We are looking for an ambitious and detail-oriented individual to join our regulatory team, which is responsible for the company’s compliance with applicable laws and regulations relating to medical device manufacturers. The Regulatory Affairs Specialist will participate in cross-functional projects relating to the design and development of medical devices, market registrations, and implementation/improvement projects to ensure regulatory compliance of the manufacturer and the medical device throughout its life cycle.

Function & Responsibilities

• Prepare regulatory documents for medical device submissions.

• Compiling technical documentation data packets for distributors to support international product registration.

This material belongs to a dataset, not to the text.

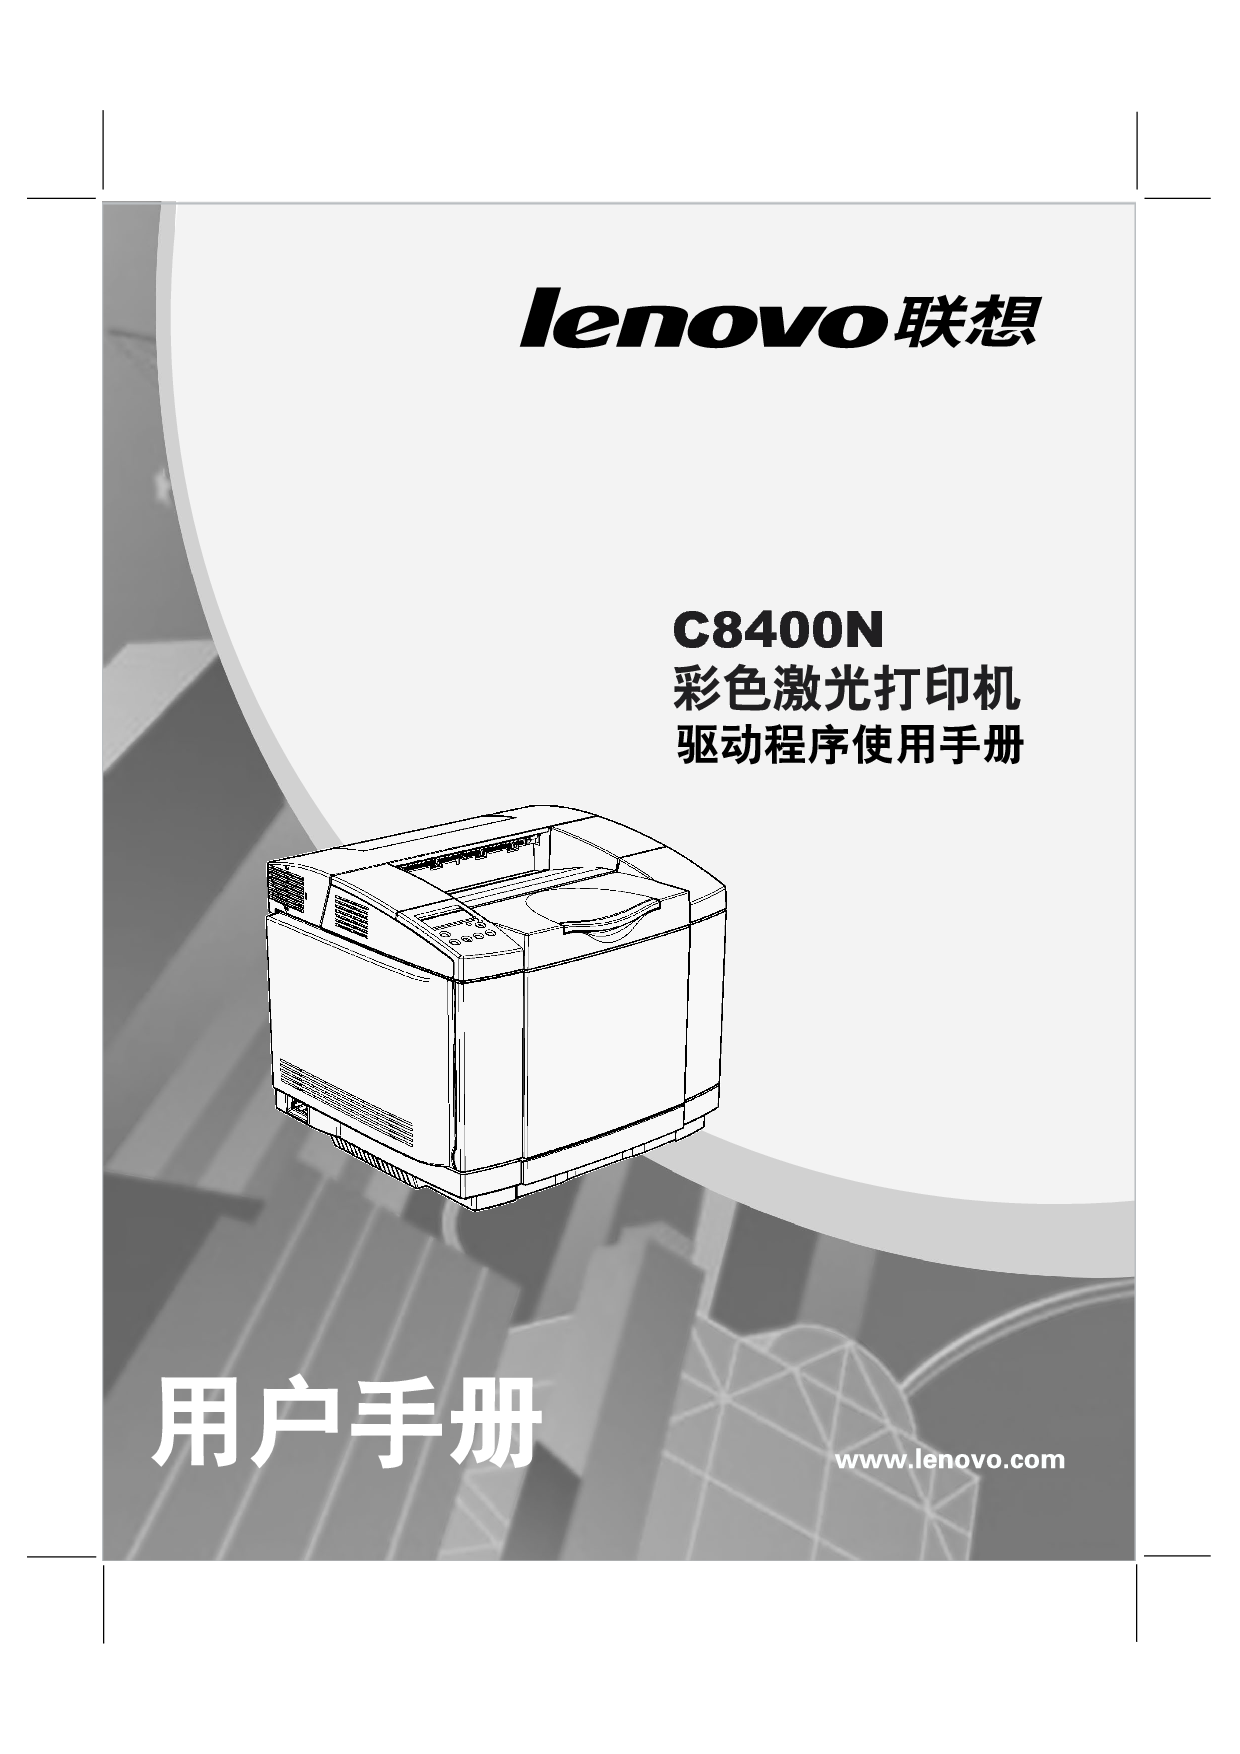 联想 Lenovo C8400N 驱动程序 用户手册 封面

• Participates in creating and maintaining technical documentation (TD) to comply with EU MDR and other country/market-specific requirements for TD

• Participates in developing, implementing and maintaining the necessary internal procedures to ensure the company’s ongoing compliance with national and international regulations/requirements

• Participates in improvement projects related to the Quality Management System

• Research applicable national and international standards and guidance to provide input to the company’s ongoing compliance and medical device state-of-the-art status

• Participates in design reviews and conducts regulatory assessment/gap analysis

• Participates in market surveillance of medical devices

• Provide support during audits conducted by Notified Body (NB)/Conformity Assessment Bodies (CAB) and Regulatory Authorities (RA) and formulate the appropriate response and corrective actions

Education and Qualification requirements

• B.Sc degree in Biomedicine, Engineering, or other relevant education or equivalent experience required in regulatory affairs within the medical devices or pharmaceutical industry or equivalent

• Good planning/organizational and problem-solving skills and techniques

• Exercise judgment within defined procedures and practices to determine appropriate action

• Technological skills with the capability to understand the product technology/design as well as tests, standards, guidance, and other methodologies needed to demonstrate and maintain compliance with applicable regulations

• Experience with medical device regulatory affairs, submissions, compliance programs, and quality systems is preferred

• Excellent English skills, both verbal and written

The right person for the position

• You have an analytical ability as you will be performing assessments and evaluations

• You have strong communication skills working within a collaborative environment

• You need to have strong attention to detail as you will be assisting with ensuring and maintaining compliance of the medical devices throughout their lifetime

• You need to be organized and comfortable managing multiple work tasks

The Job application, CV, and cover letter may be submitted in English or Icelandic.

We are always interested in talented individuals who share our passion for improving people’s lives. Nox Medical embraces diversity. As an equal opportunities employer, we believe the foundation of our dynamic and pioneering spirit starts with a fair and inclusive culture. Our company culture focuses on bringing unique ideas and people together to spark innovation and teamwork.